The first component involved: (a) a search of Android and iOS app stores for apps that met our inclusion criteria; (b) a database search for studies or protocols involving strength and balance exercise apps that are currently in development, but not yet publicly available. The app search was restricted to United Kingdom (UK) app stores. We did not exclude studies found during the database search on the basis of design (randomised controlled trials (RCTs), non-randomised studies or observational studies) in order to gain as full a view of the literature as possible. As this was a rapid review, apps and studies were restricted to the English language to ensure timely review and evidence evaluation.

The search was conducted using the following search strategy:

  1. (a)

    Seven keyword searches were conducted in the Google Play android app store and the Apple App store. Health and Fitness app categories within each app store were searched using the following seven keywords/terms: falls prevention; balance exercise; balance training; strength exercise; strength training; strength and balance exercise; and strength and balance training. All terms were then combined with ‘older adults’, ‘elderly’ and ‘seniors’, giving a total of 28 searches in each app store.

  2. (b)

    Database searches were conducted in MEDLINE (Ovid) and EMBASE (Ovid) for studies and protocols involving apps that met our inclusion criteria. Search terms are provided in Additional file 1.

Website search

The second component involved an internet search to identify websites that contained demonstrations (videos/images) of falls prevention exercises. The searches were conducted in the UK using the Google search engine. Keyword searches were performed using the following seven keywords/terms: fall prevention exercises; exercises to reduce falls; exercises to improve balance; balance training; strength training; strength and balance exercise infographics; and strength and balance exercise demonstration. These terms were searched in isolation and then in combination with ‘older adults’, ‘elderly’ and ‘seniors’, resulting in 28 searches. As research shows that internet users tend to explore only the first few hits from search engines, the first 20 results identified from each search were examined [16,17,18]. As such, results may not provide a fully comprehensive list of all available web-based falls prevention exercise demonstrations.

Inclusion criteria

Apps and websites were included in the review if they:

  • visually demonstrated strength and/or balance exercises (e.g. using videos or images); this was to ensure that the correct way to conduct the exercise was as clear as possible;

  • were publicly available, or were in development with the intention of being made publicly available;

  • could be used by older people independently, without supervision by a healthcare professional. As such, we will include apps and websites that target community-dwelling older people.

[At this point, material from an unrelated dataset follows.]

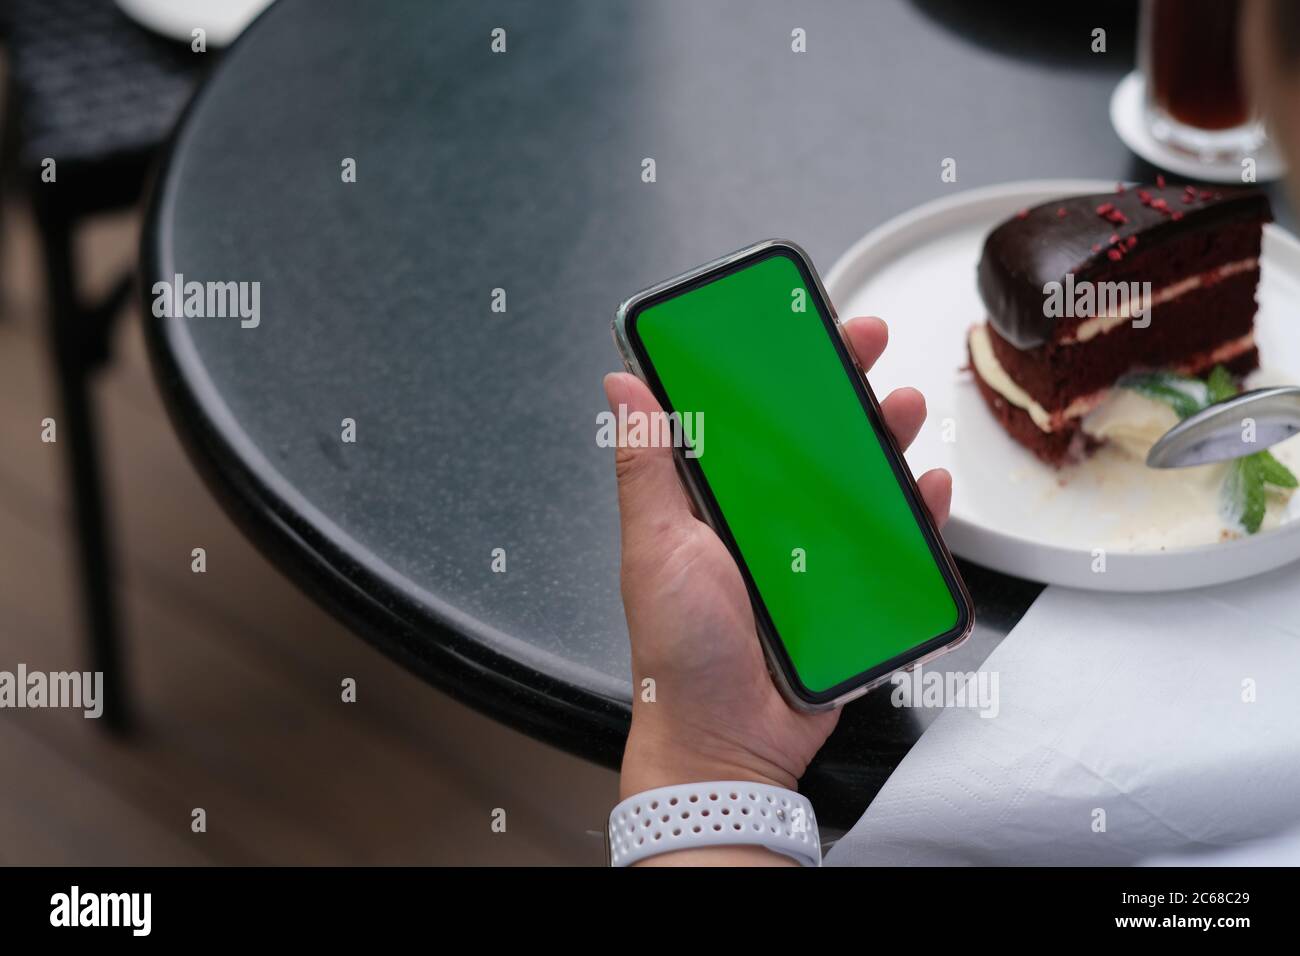 over shoulder of people holding green screen smartphone. blurred chocolate cake on black table. Stock Photo

  • apps were appropriate for use with older populations (i.e. were designed to be used by older people aged ≥50 years or had demonstrated use in older populations); the exercises demonstrated via websites were directly targeted at older people in relation to falls prevention;

Exclusion criteria

We excluded apps and websites if they:

  • provided only written descriptions of exercises;

  • focused on improving specific disease conditions and falls prevention was a secondary outcome for the app intervention;

  • targeted populations other than community-dwelling older people (e.g. patients in acute care facilities or care homes).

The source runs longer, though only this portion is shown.